SlimCluster icon indicating copy to clipboard operation
SlimCluster copied to clipboard

Split-brain

Open Ephron-WL opened this issue 1 year ago • 1 comments

I noticed in a 5 node cluster that when the cluster was reduced to 2 nodes, the 2 nodes continue to operate normally. This was no doubt also related to my bug fix to ensure the cluster continued to operate when it was degraded, whether or not a quorum could be established. I'm not sure whether this is a problem or not. A fundamental principle of quorum-based clusters is that if you don't have quorum you probably need to shutdown state changes because the assumption is the remaining set of nodes probably do have the quorum and should be authorative. Would it be reasonable to stop serving API calls if the member count falls below a quorum?
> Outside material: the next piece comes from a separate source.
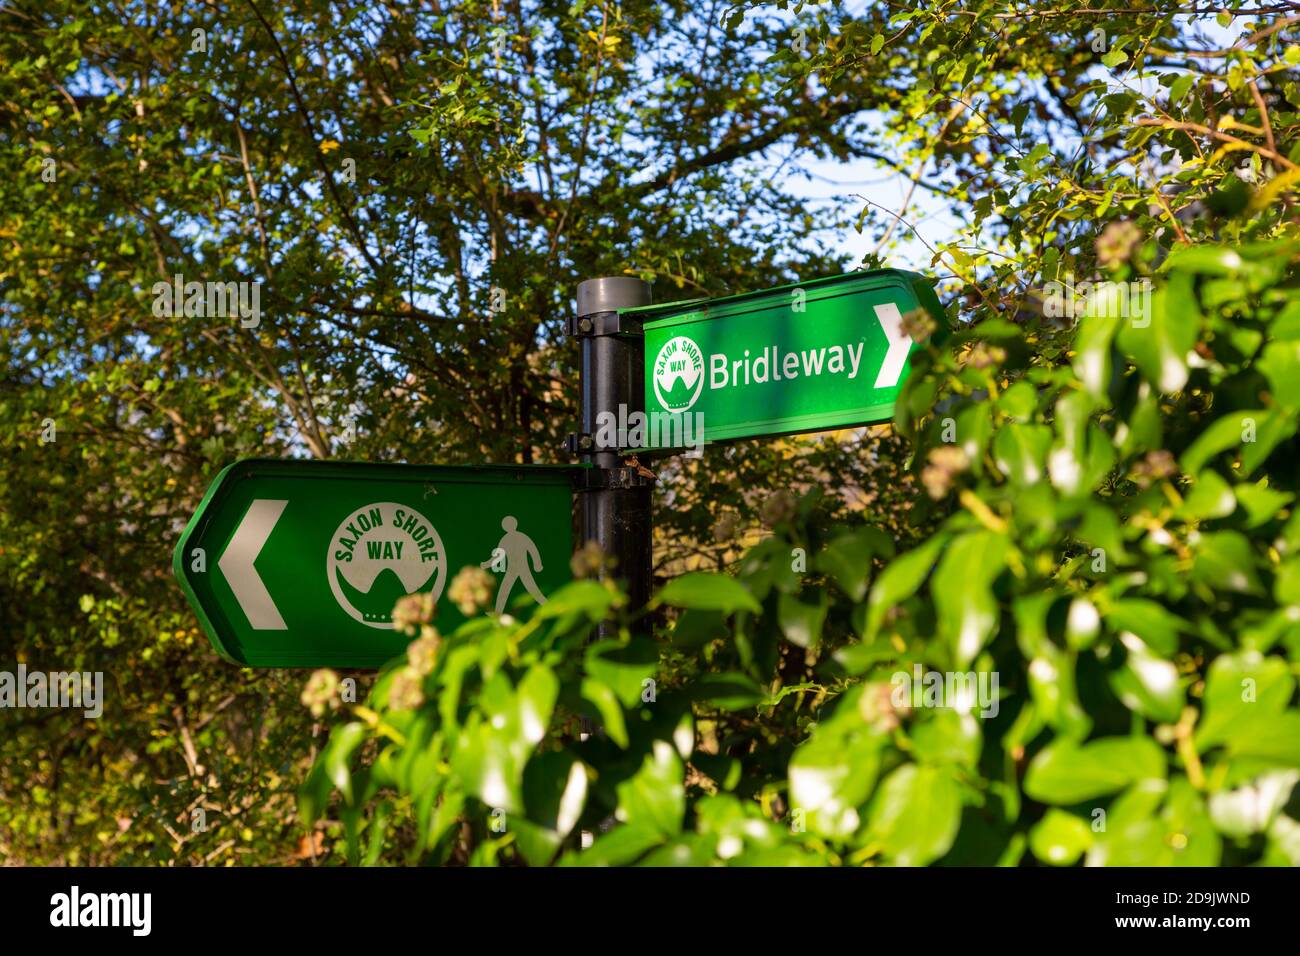 Saxon shore way and bridleway fingerpost signs, hamstreet, ashford, kent, uk Stock Photo

Ephron-WL avatar Jan 16 '25 01:01 Ephron-WL

Yes, I agree. The cluster should go into some error/undefined state. That state should then inform the user code to either stop serving requests or continue - ideally this could be a setting to let users decide depending on their use cases. Sometimes it would be okay to serve request (read only) with the caveat that the reduced cluster state might be stale (split brain). For other use cases the users reads if stalled could not be acceptable. In either case the cluster write/mutating state if cluster is in error/undefined state could fail all these requests (there is no quorum).

Also pleased see my comment on your PR #28 as I think one change is related and perhaps not desired.

zarusz avatar Jan 16 '25 22:01 zarusz